Bad design: Losing your place after logging in

Usually, for reasons of security, some websites will only allow you to automagically login for a limited time. After that, the sites will stop and force you to enter your credentials again. They will then work automagically again for whatever the specified time is.

This is an inconvenience, but a minor one, and I can see the justification for it.

However, a surprising number of websites–so many I won’t even attempt a list–completely mess this up by following this pattern:

  1. You have a link to an interesting article/feature in a newsletter to a site you have an account on. I’ll use Goodreads because their site is generally terrible and it’s the most recent one where this has happened.
  2. When you click the link in the newsletter, you are taken to the site–you can see the article, but over top of it is a pop-up demanding that you log in (or create an account).
  3. You enter your credentials.
  4. You are taken to the main page of the site.
  5. You must now find the article you came to read, or go back to the newsletter and click the link again, which will now take you, logged in, to the article in question.

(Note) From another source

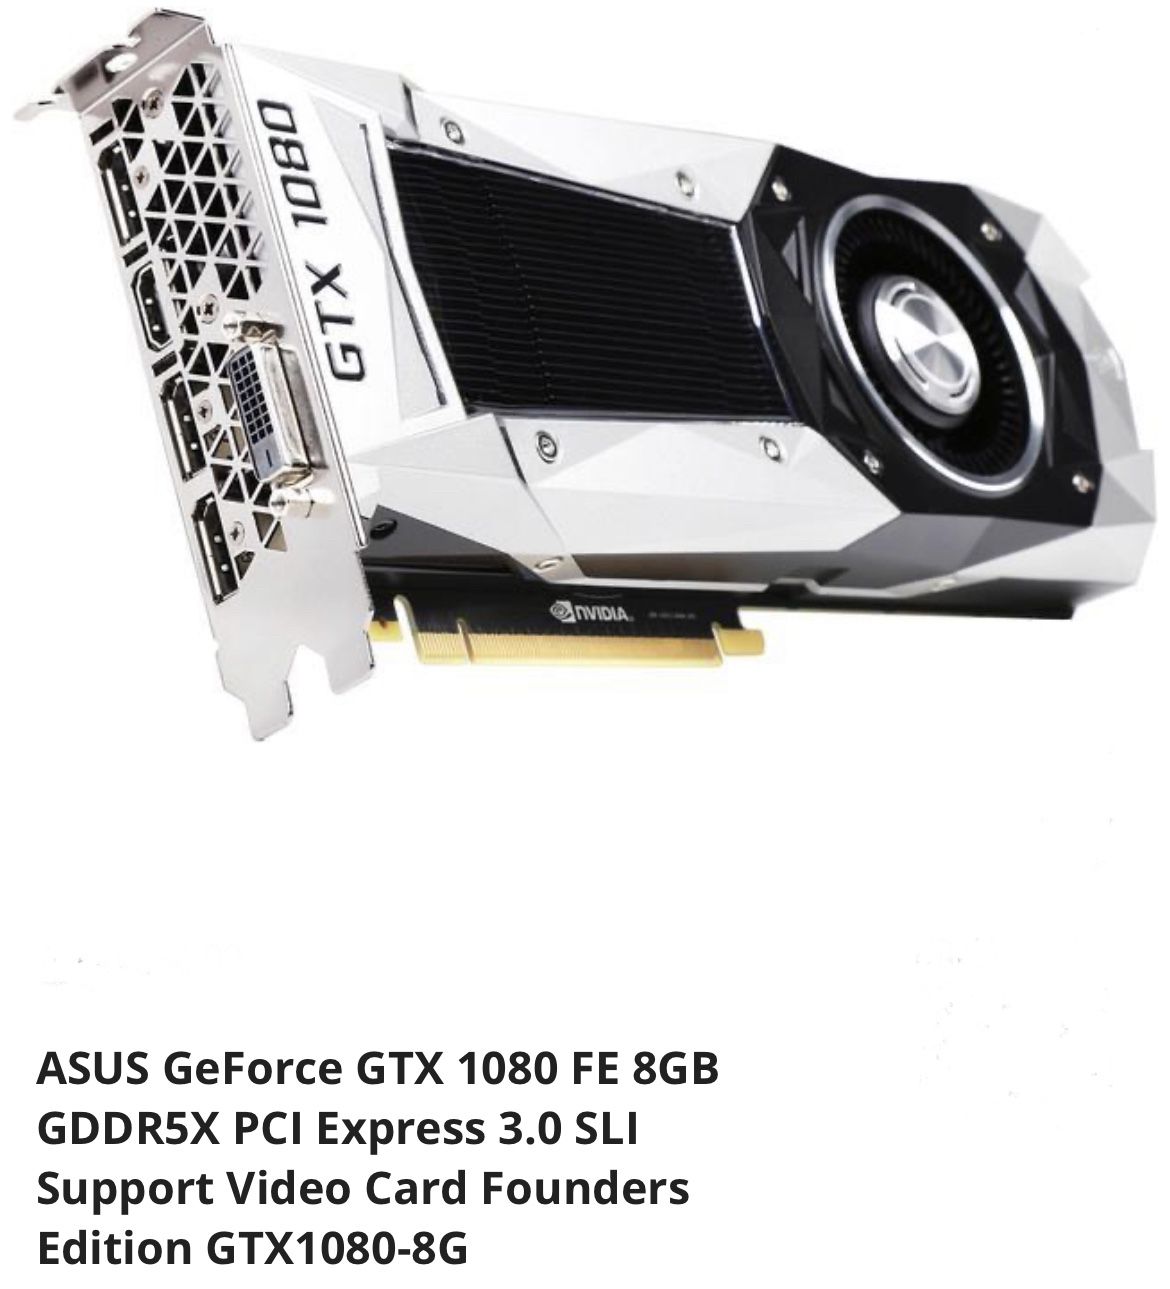 ASUS GTX1080-8G FOUNDERS EDITION

This is bad design, because it adds multiple steps to what should be a simple click and worse, sends the user off to somewhere they never meant to go, forcing them to retrace their virtual steps to get back. It wouldn’t surprise me if this extra friction results in a lot of people just not bothering at all.

The correct way–and the way all properly managed sites handle this, is to let the user enter their credentials, then keep them on the same page, so they can see the content they had come for. It sounds astoundingly obvious and logical, yet even in 2021 many sites fail to offer this.

Bad design: Goodreads’ review editor

As terrible as 2020 has been, we still have modern conveniences, like toasters, washing machines and keyboard shortcuts for formatting when writing text on the web.

Unless you use Goodreads’ “What did you think?” text box to add a review of a book you’ve read. In this case what you get is a text box that could have existed in 1998, unchanged.

Here’s the set of formatting tips it includes, which could have been cribbed from Learning HTML for Dummies, 1999 edition:

They do have a few concessions to the 21st century, mostly related to allowing easier linking to content on its own site (a coincidence, to be sure), and if you use a proper link, it will automatically make it clickable, a true miracle of modern web magic.

But looking at the warning about improperly nesting tags really does take me back to when I was building websites in HTML by hand and yes, it really was in 1999.

Given how trivially simple it is to offer simple and easy formatting controls (keyboard shortcuts and a formatting bar, both of which are available to me as I write this post in WordPress), the only reason I can think for a massive site like Goodreads to not offer the same is sheer laziness. And that’s not a good reason. It’s bad design.